The river changed its course with Horsehead Crossing, but soon veered back to its main trend southward. It dominated that savagely monotonous and magnificent scene. Miles were nothing in this endless expanse. The green and the gray along the river were but delusions. Back to the west and south mounted the naked ridges, noble and austere by reason of their tremendous size and reach, and between them gloomed the purple gorges, mysterious, forlorn, seemingly inaccessible for beast or man. No grassy pasturelands such as had existed in Terrill’s hopeful dreams! All that was not gray stone, gray earth, were mere specks of cactus, of greasewood on the b
oundless slopes.
Terrill’s heart sank. After all, she thought bitterly, she was only a girl. She had loved the open rangeland of Texas, over which she had ridden nearly a thousand miles, but could she ever do aught but hate this deceitful desert? She had loved the river bottoms of the Red, the Sabine, the Brazos, the Colorado, and the San Saba. They had openness, color, life, beauty. But this Rio Pecos, for all its pale silver gleam, its borders of white and green, seemed cold, treacherous, aloof, winding its desolate way down into the desolate unknown.

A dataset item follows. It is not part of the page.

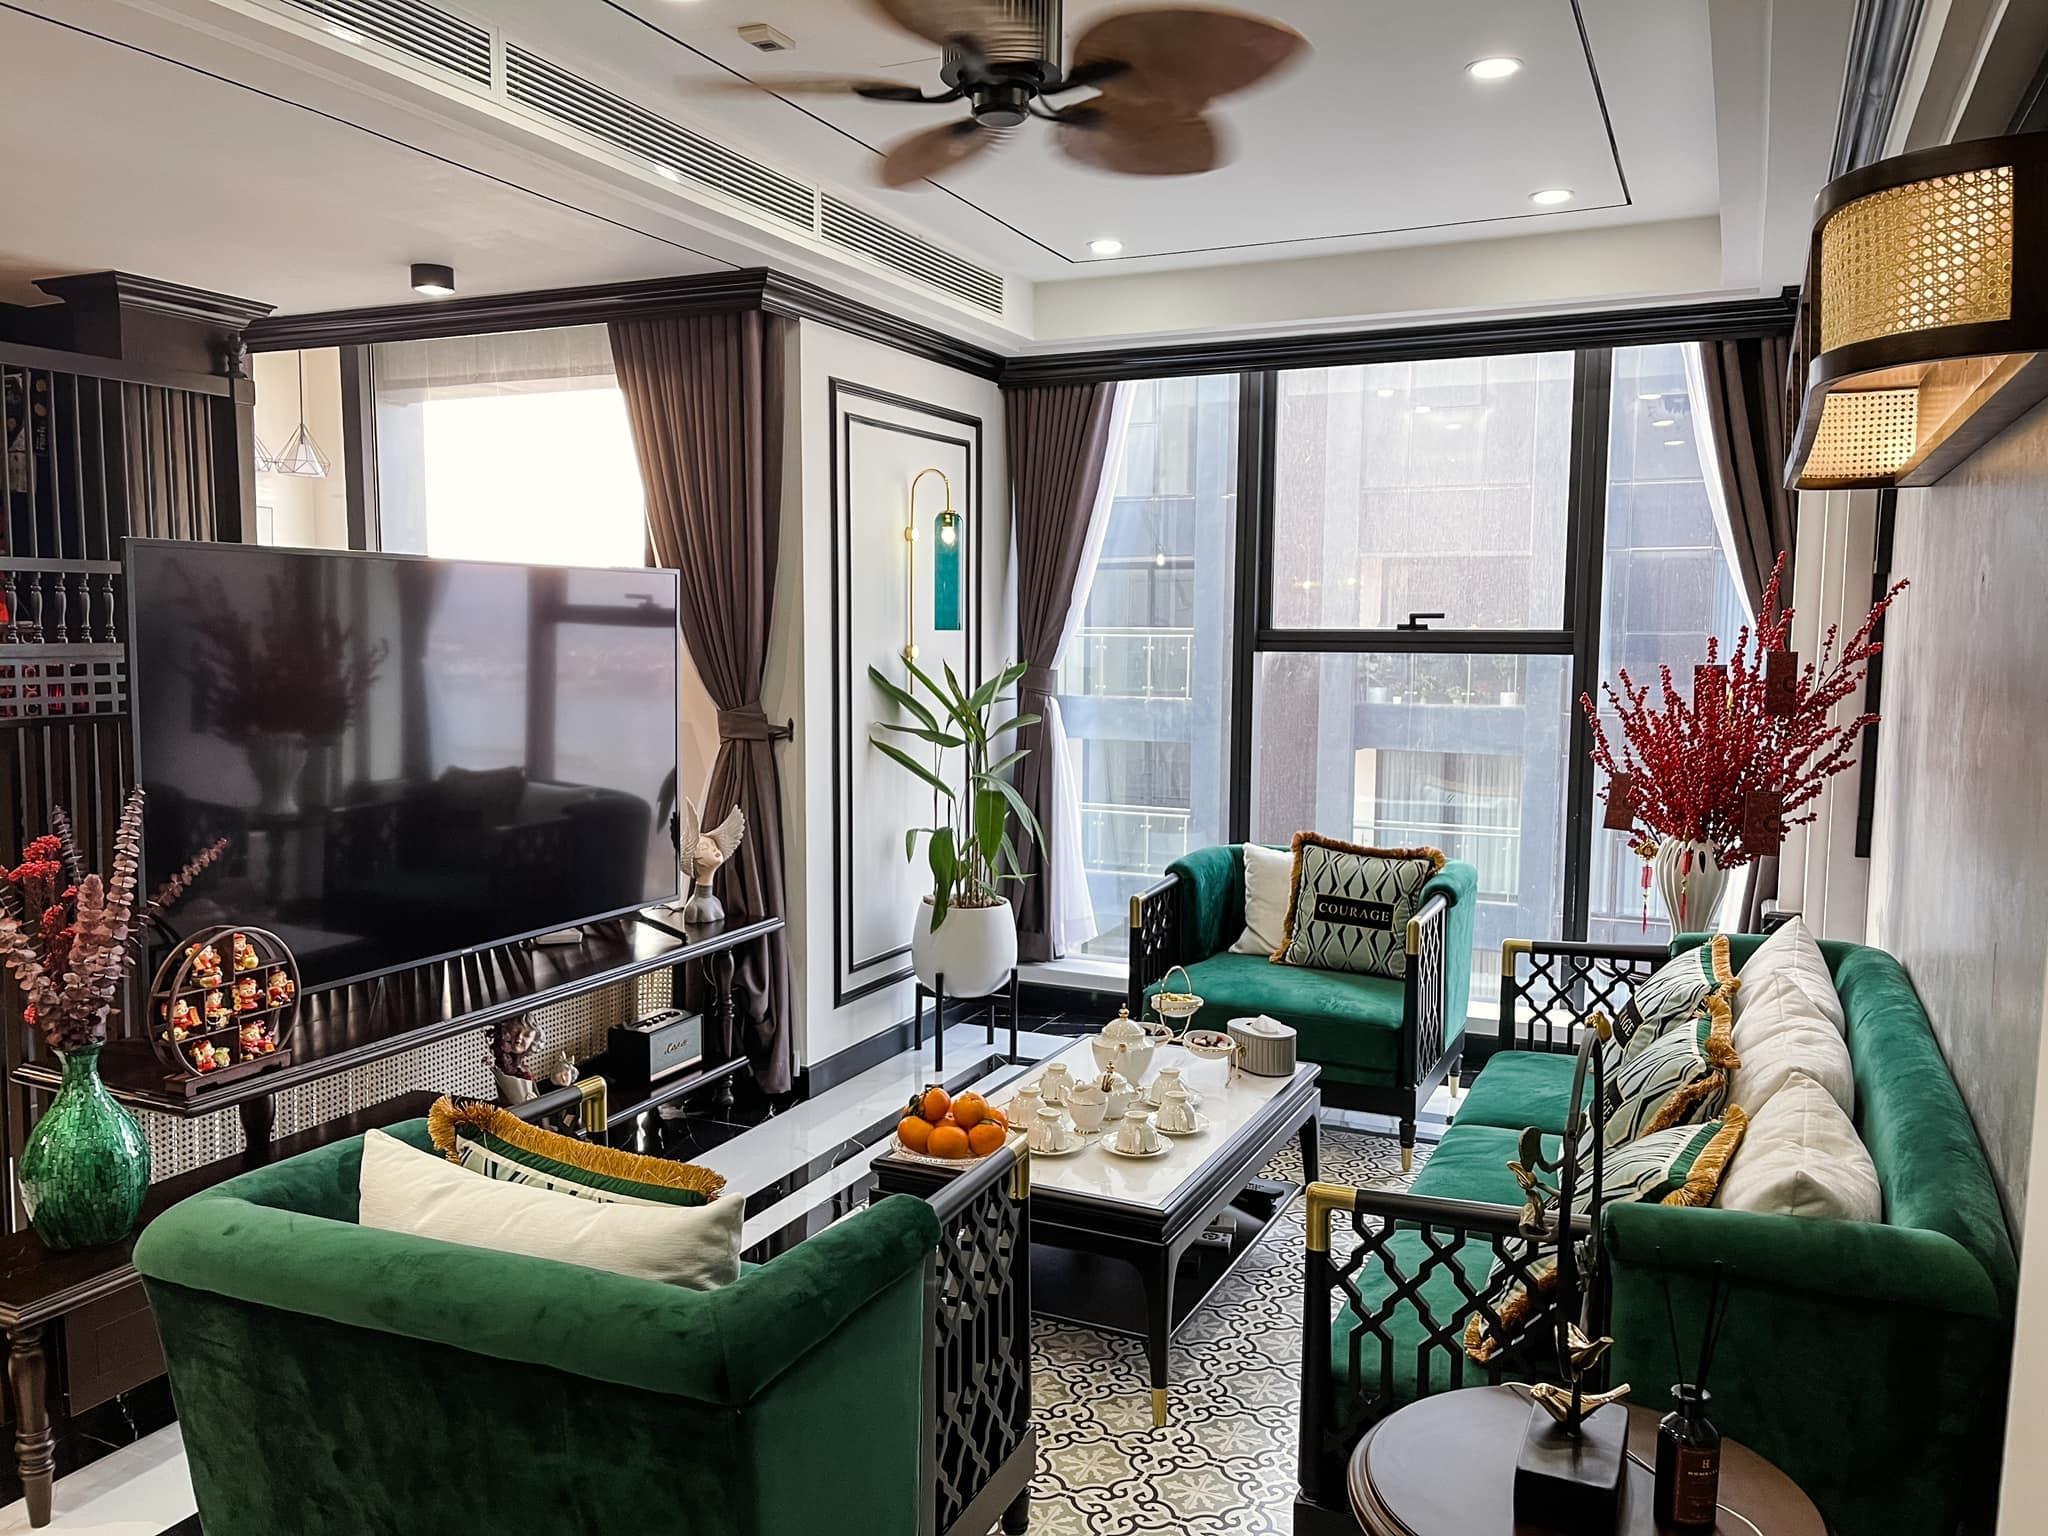 Phương Oanh 'Quỳnh búp bê' khoe nhà mới đẹp như khách sạn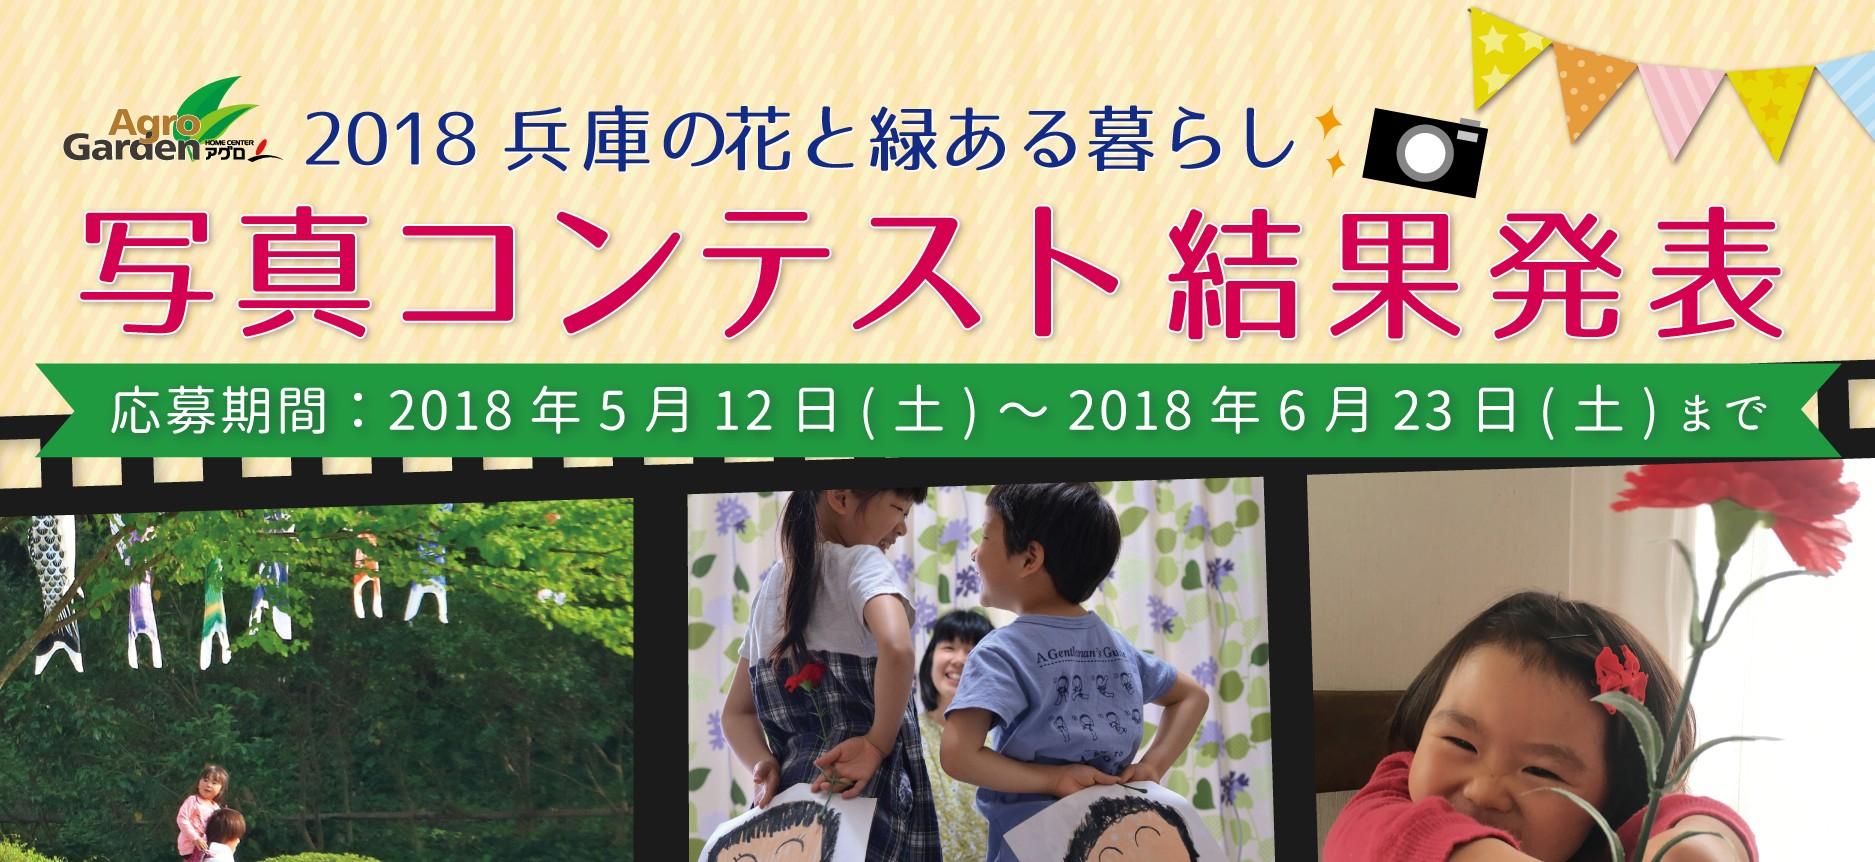 2018 兵庫の花と緑ある暮らし 写真コンテスト 結果発表

“Oh, Dad!” cried Terrill, voicing her first surrender. “Take me back! … This dreadful Pecos can never be home!”
Chapter V
TO THE cowhands at Healds’ ranch he called himself Pecos Smith. They were not long in discovering that he was the best horseman, the best shot, the best roper that had ever ridden up out of Southwest Texas. But that was about all they ever learned about his past.
Pecos had come up the river with a trail driver named McKeever, who had a contract to deliver cattle at Santa Fé, New Mexico. The Spanish towns of Santa Fé, Taos, Las Vegas, and Albuquerque furnished a growing market for beef. The Government forts added largely to this demand. Cattlemen, believing in future protection against the marauding bands of Indians, had followed the more adventurous settlers into southern New Mexico and western Texas. Most of the cattle at this period came from the Rio Grande.
McKeever, on his return, stopped at Healds’ minus one of his rangy vaqueros, and it was observed that that rider was Smith.
“We left Smith behind at Santa Fé,” explained the trail driver. “He pecosed another man an’, like he always does after a shootin’, he got drunk. We couldn’t wait fer him. But I reckon he’ll be along soon.”